● **Working data**:
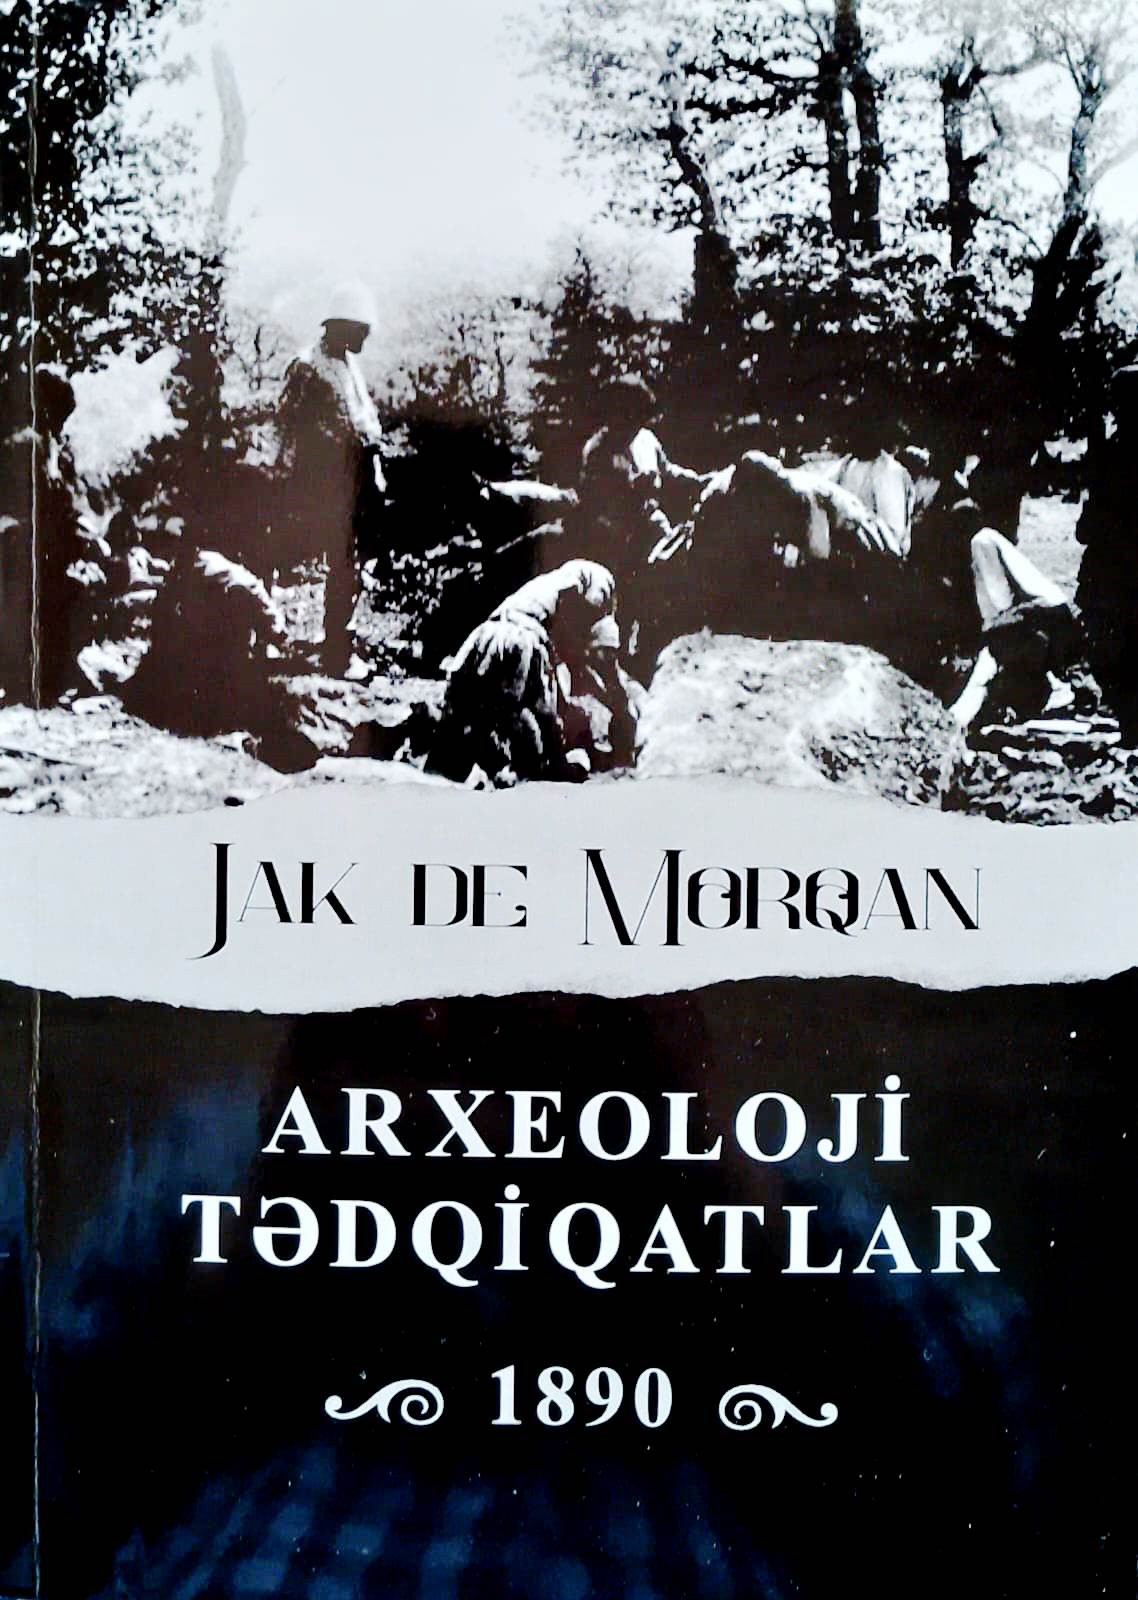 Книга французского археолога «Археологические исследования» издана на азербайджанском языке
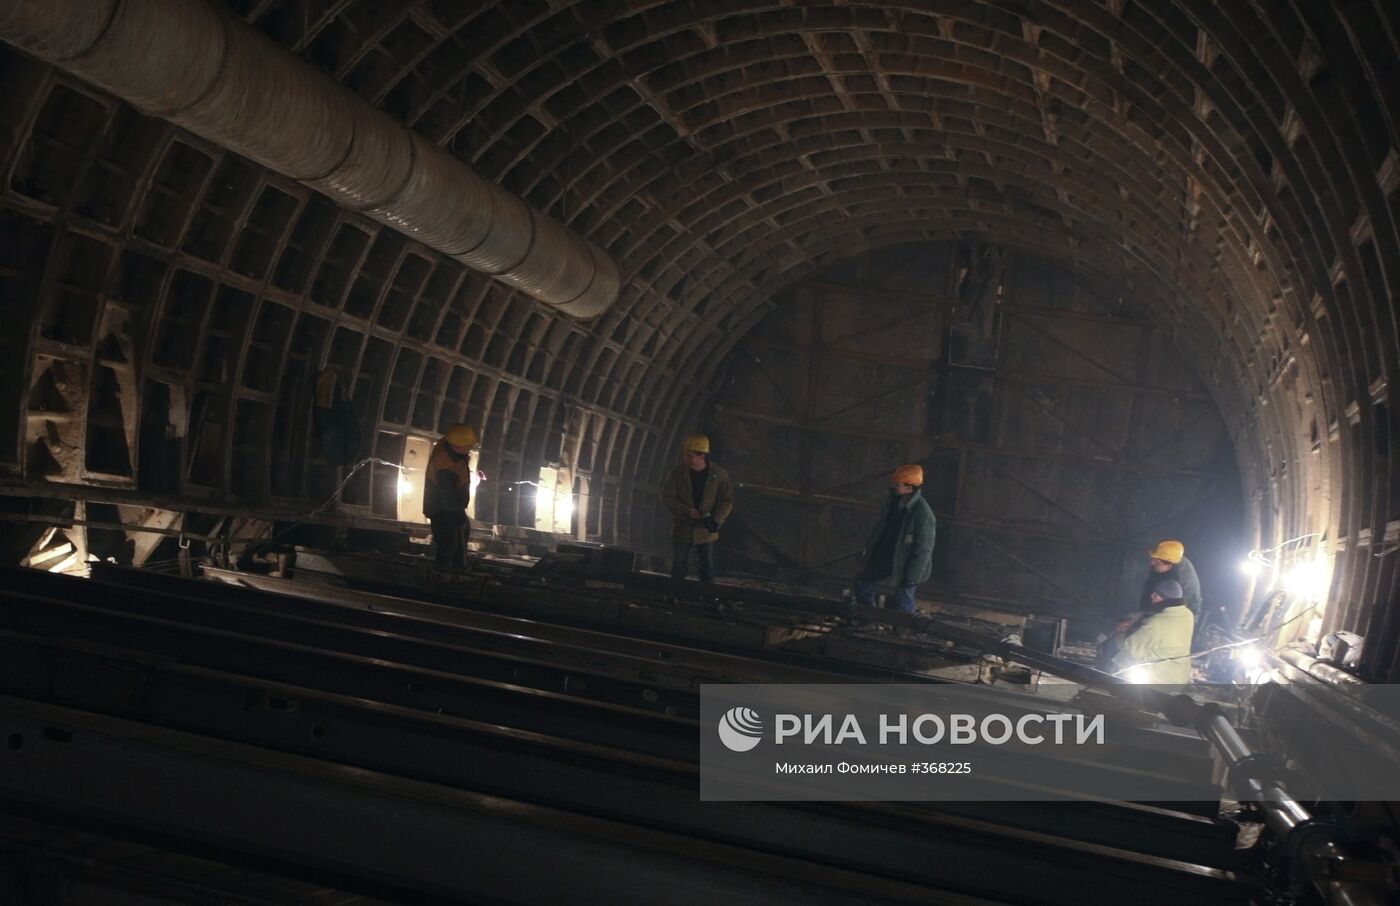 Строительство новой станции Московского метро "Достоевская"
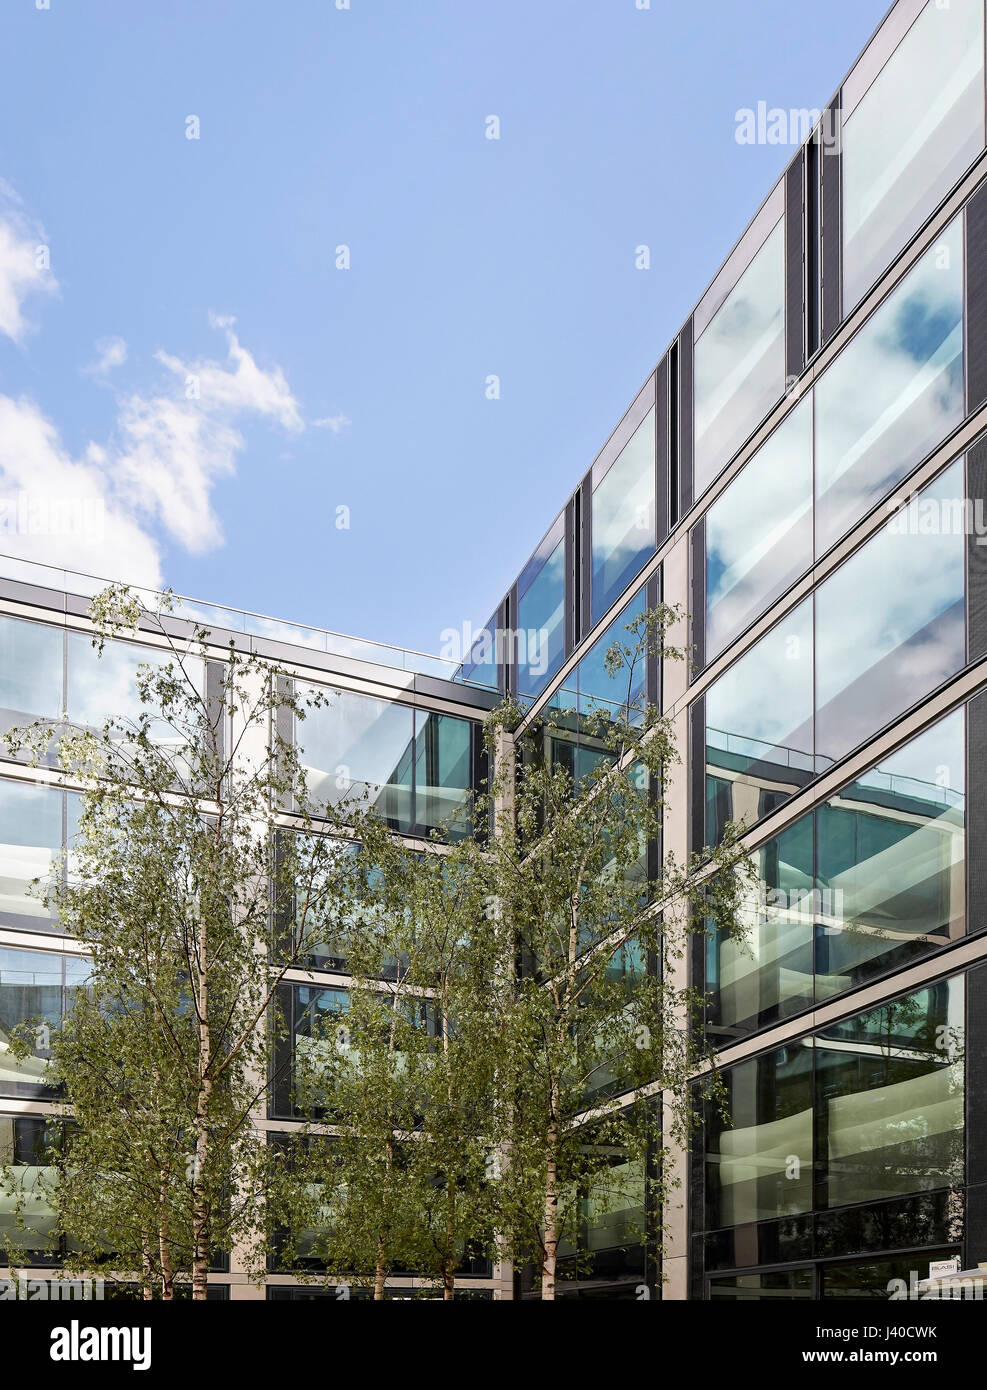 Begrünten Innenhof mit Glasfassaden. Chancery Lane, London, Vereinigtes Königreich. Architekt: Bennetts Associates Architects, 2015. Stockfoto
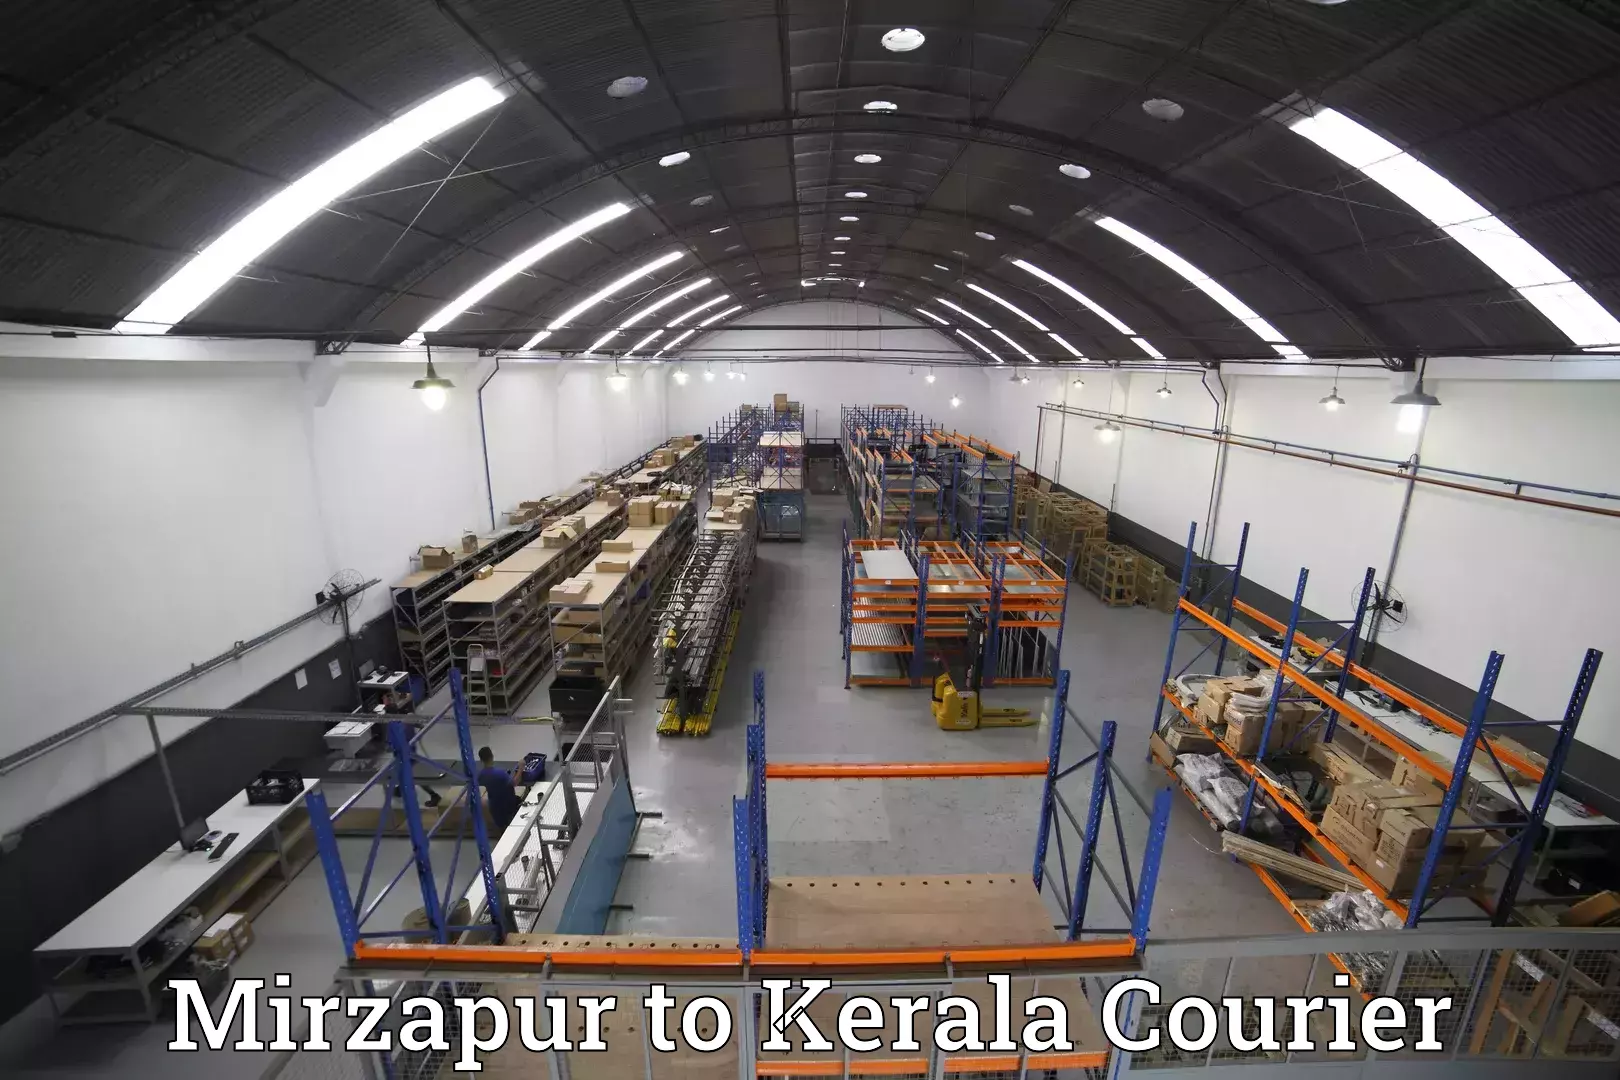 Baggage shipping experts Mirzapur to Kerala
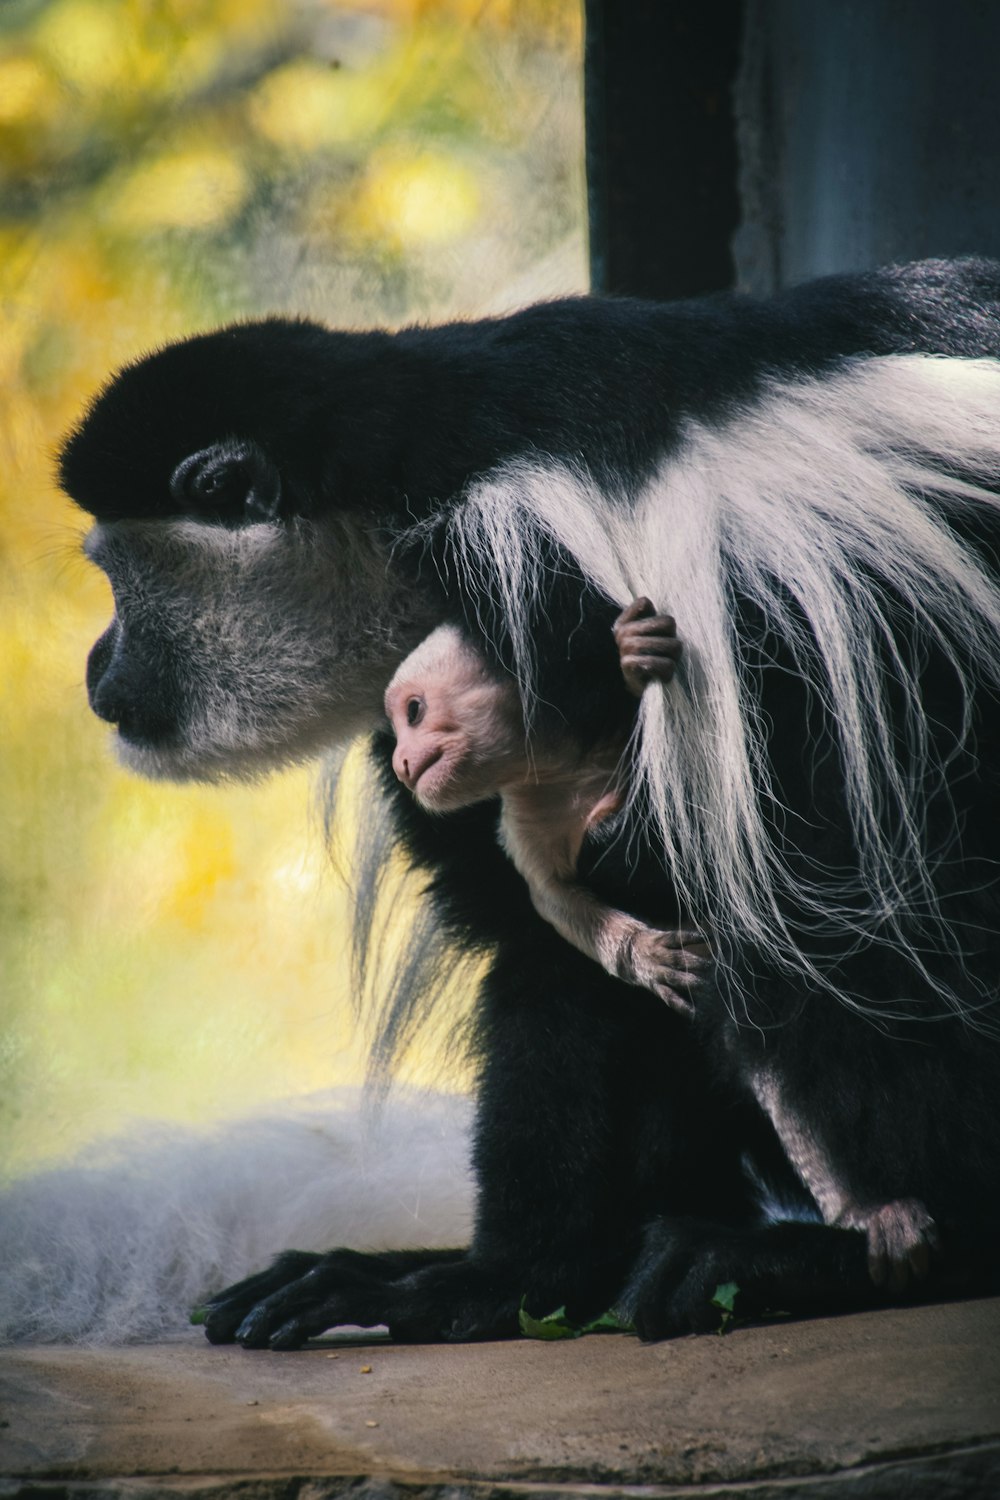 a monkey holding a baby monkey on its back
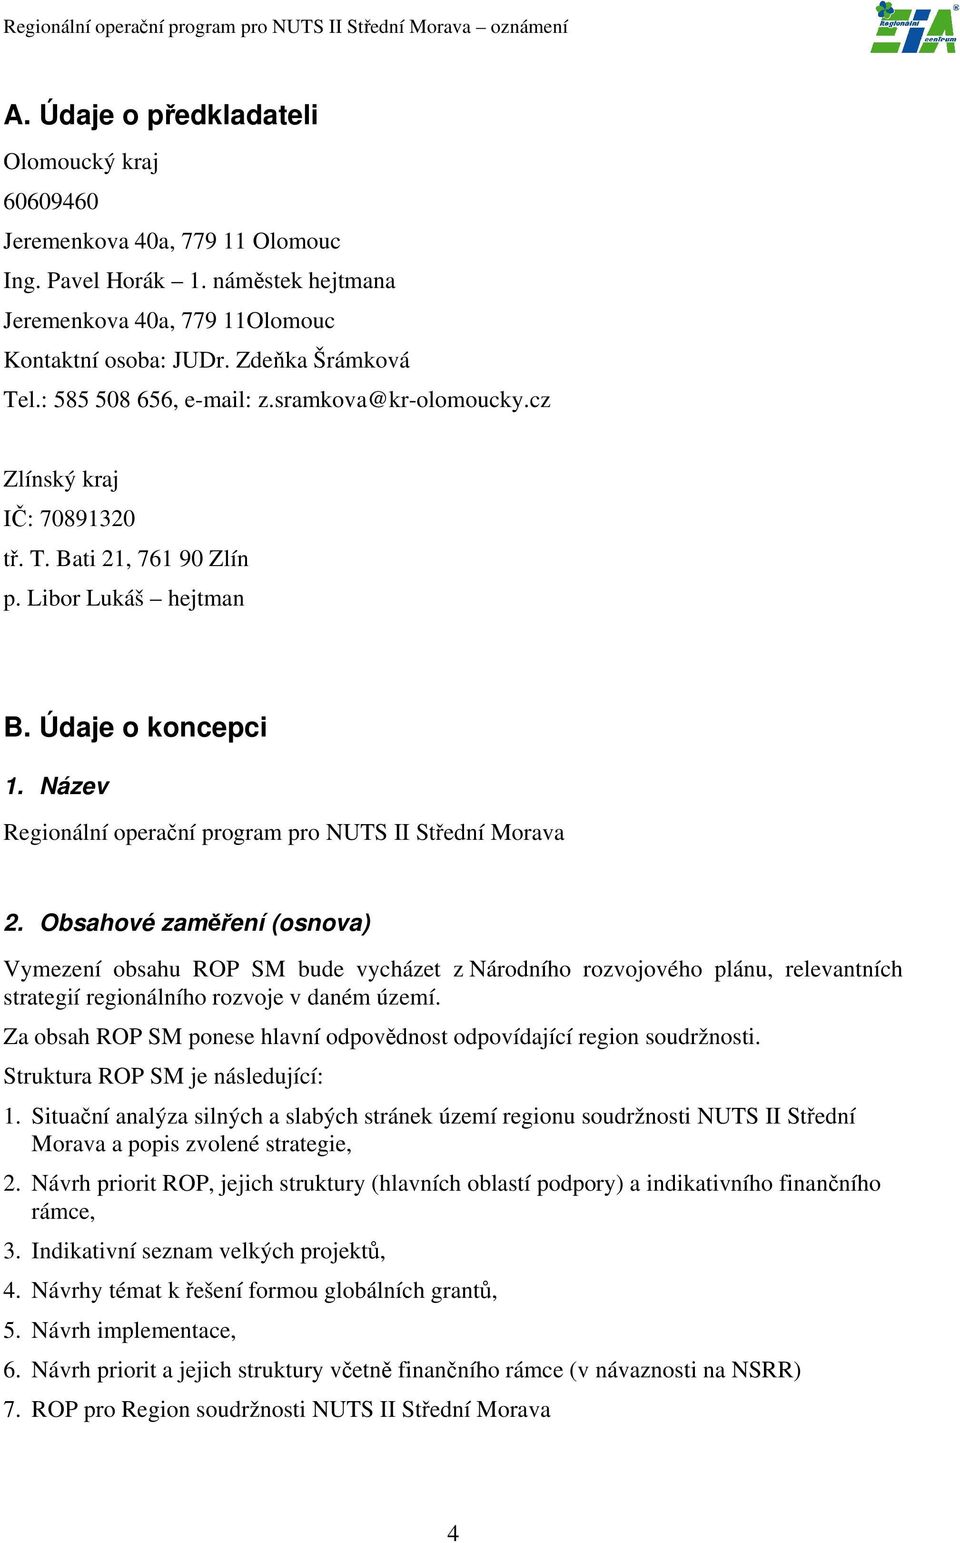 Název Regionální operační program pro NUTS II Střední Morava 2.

● **Exercise**:
Please write out all the data word for word, but keep every picture out.

● **Solution**:
 Книга французского археолога «Археологические исследования» издана на азербайджанском языке
 Строительство новой станции Московского метро "Достоевская"
 Begrünten Innenhof mit Glasfassaden. Chancery Lane, London, Vereinigtes Königreich. Architekt: Bennetts Associates Architects, 2015. Stockfoto
 Baggage shipping experts Mirzapur to Kerala
 a monkey holding a baby monkey on its back
 Název Regionální operační program pro NUTS II Střední Morava 2.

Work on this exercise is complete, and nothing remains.